-- AVAILABLE DATA follows --

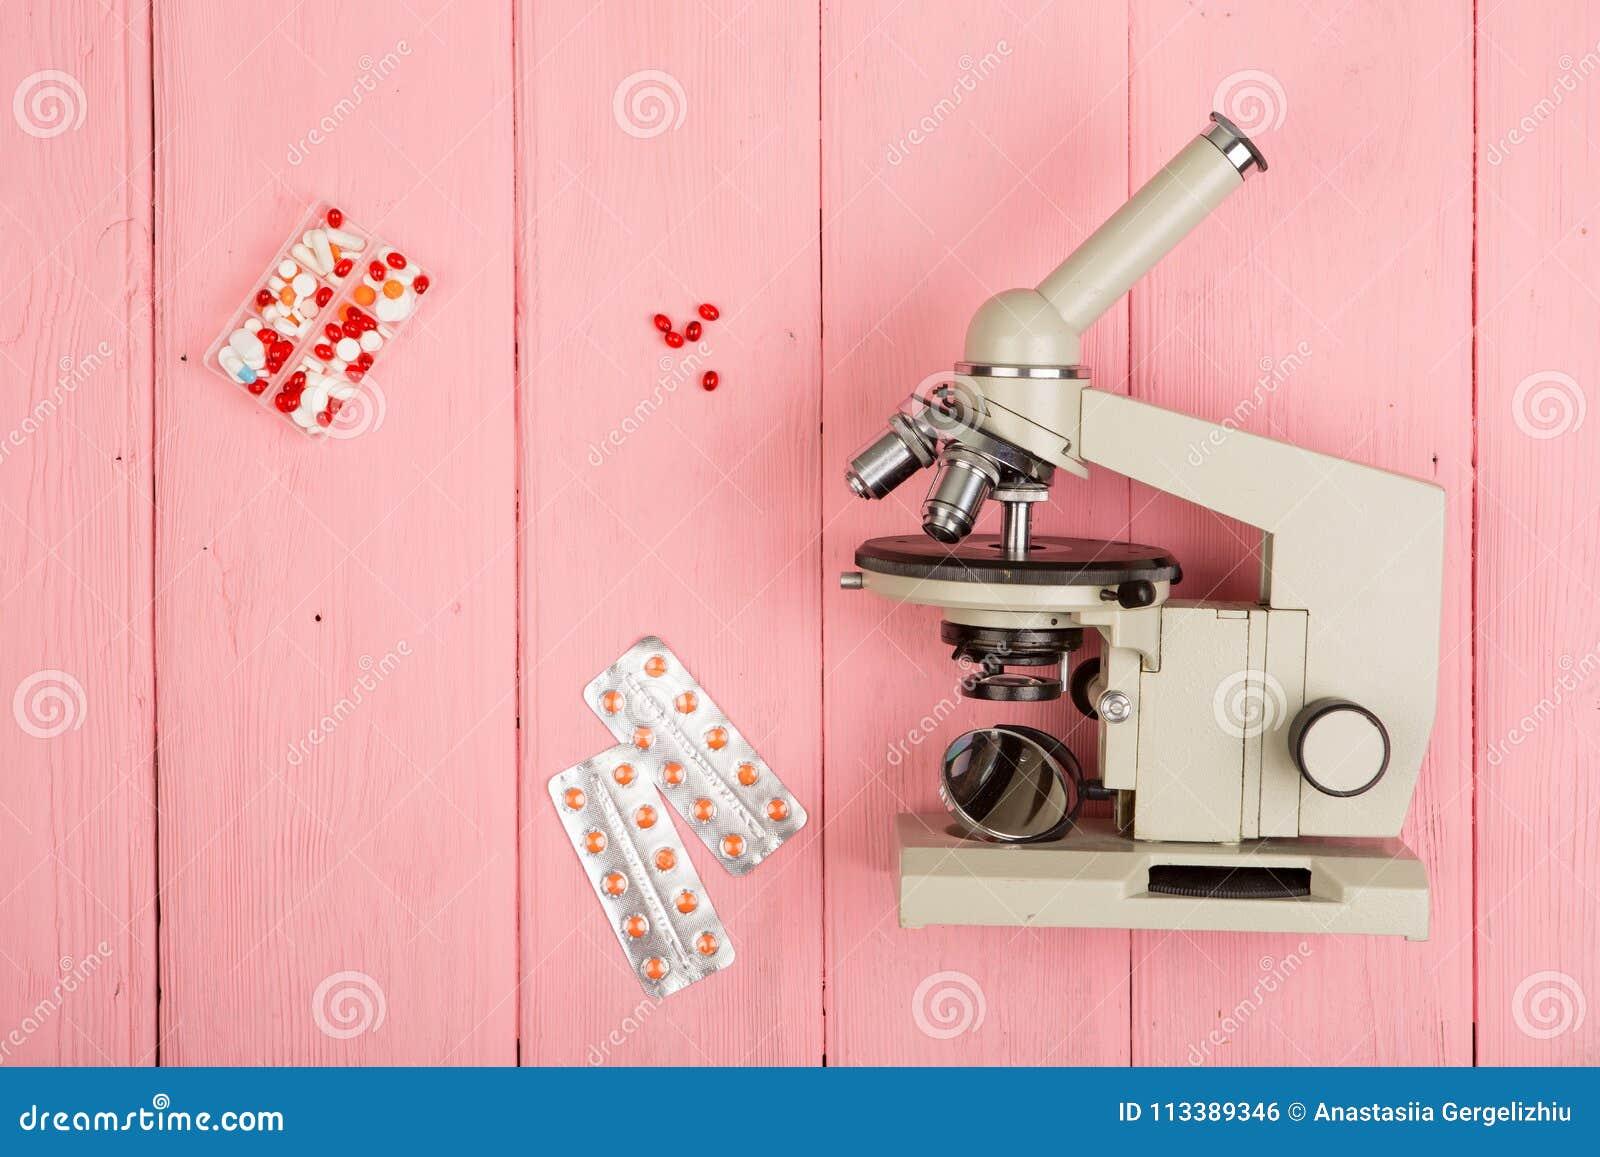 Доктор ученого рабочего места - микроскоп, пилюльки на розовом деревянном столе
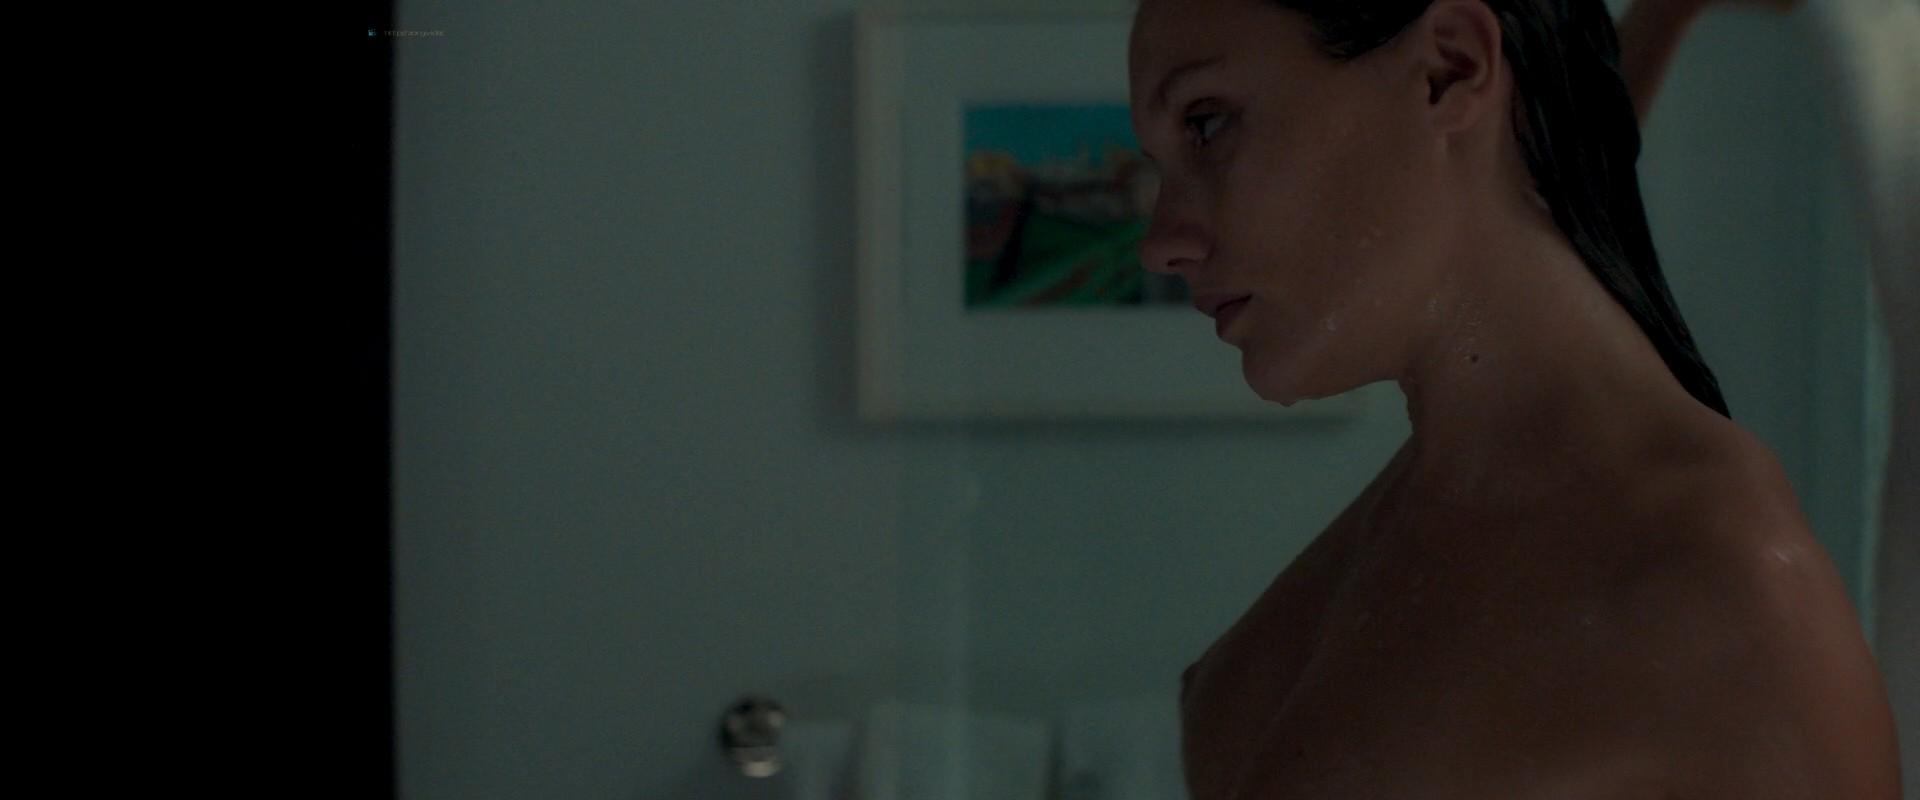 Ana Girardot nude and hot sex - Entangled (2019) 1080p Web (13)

-- AVAILABLE DATA concluded --
-- AVAILABLE DATA follows --

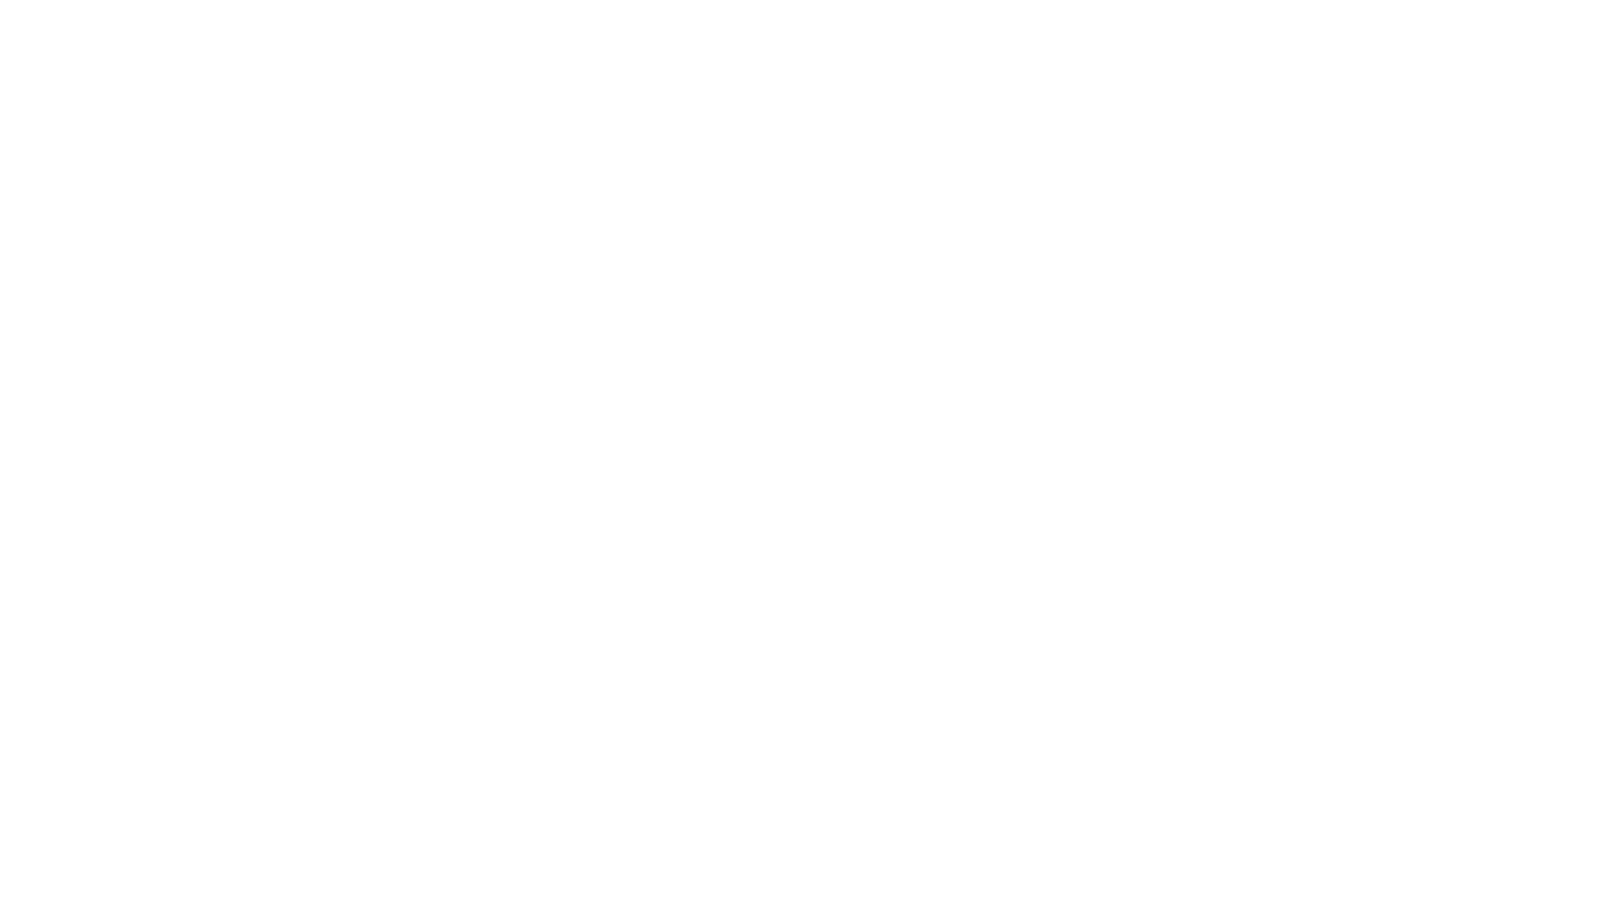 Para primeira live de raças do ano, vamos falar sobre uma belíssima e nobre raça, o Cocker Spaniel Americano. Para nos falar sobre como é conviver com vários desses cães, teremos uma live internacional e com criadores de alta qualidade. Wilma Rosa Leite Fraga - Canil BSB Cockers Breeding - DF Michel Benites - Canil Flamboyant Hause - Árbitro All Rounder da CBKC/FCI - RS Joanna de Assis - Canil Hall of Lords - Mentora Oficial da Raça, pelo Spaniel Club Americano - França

-- AVAILABLE DATA concluded --
-- AVAILABLE DATA follows --

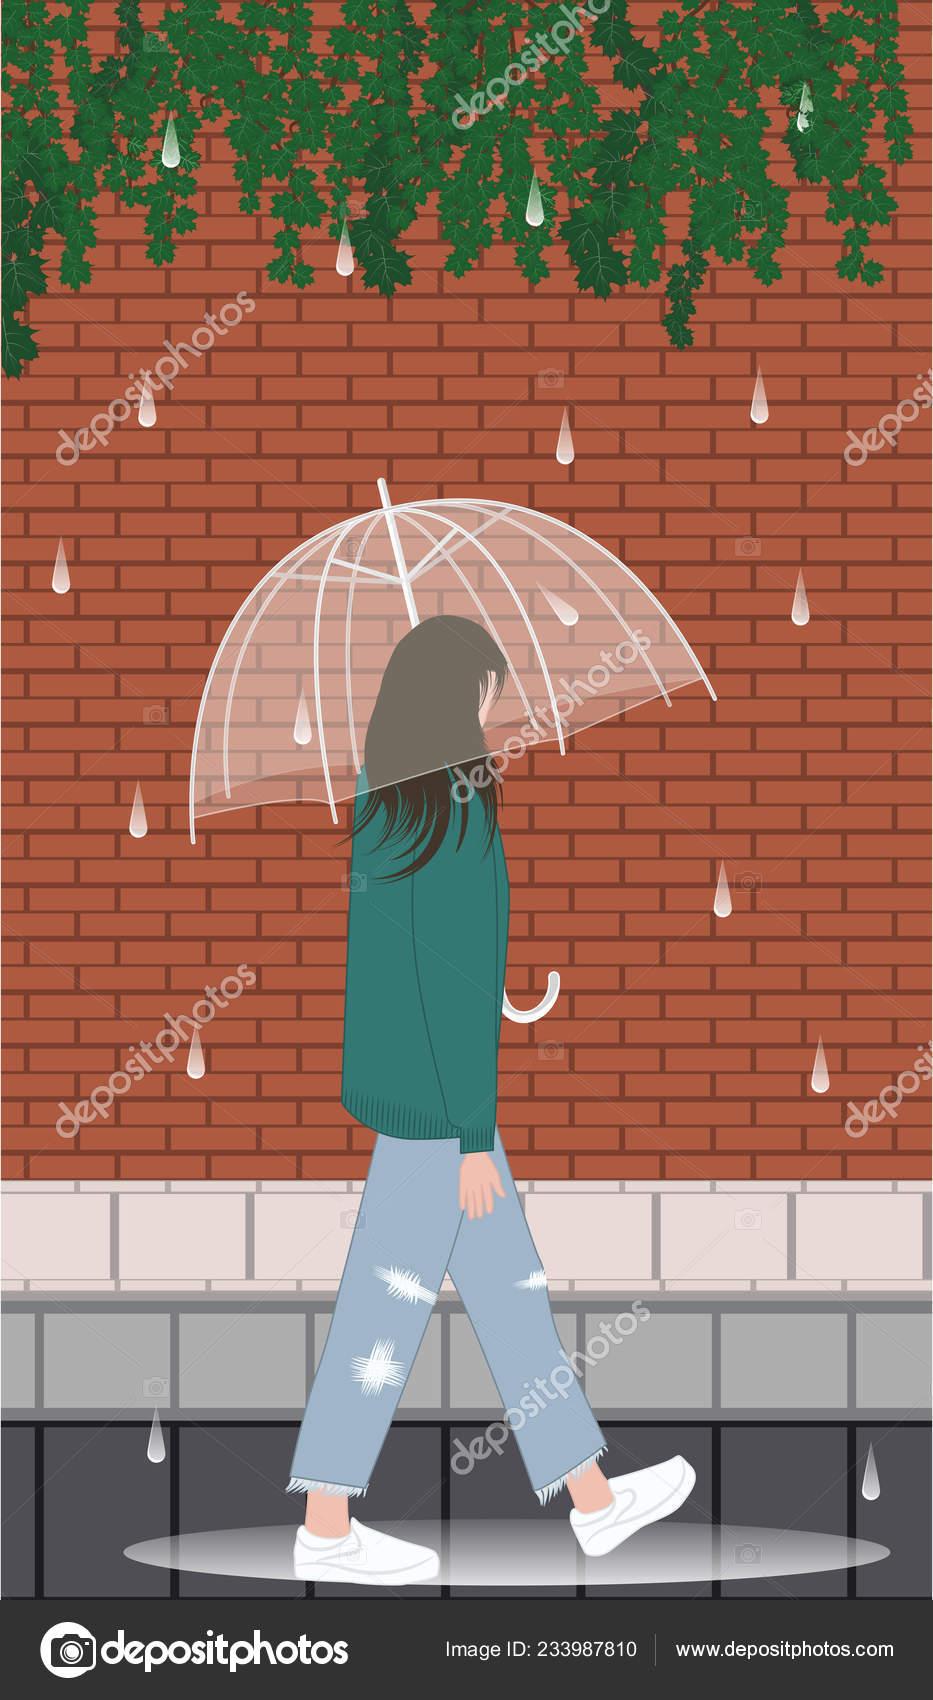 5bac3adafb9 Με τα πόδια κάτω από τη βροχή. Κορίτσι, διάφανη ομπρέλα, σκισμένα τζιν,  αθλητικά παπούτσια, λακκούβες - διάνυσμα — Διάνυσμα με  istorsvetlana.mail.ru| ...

-- AVAILABLE DATA concluded --

• [ASSIGNMENT]: Although pictures appear among the records above, none are to be output; print exactly the lines from the line containing "Доктор ученого рабочего" through the line containing "Ana Girardot nude".

• [TASK SOLUTION]:
 Доктор ученого рабочего места - микроскоп, пилюльки на розовом деревянном столе
 Ana Girardot nude and hot sex - Entangled (2019) 1080p Web (13)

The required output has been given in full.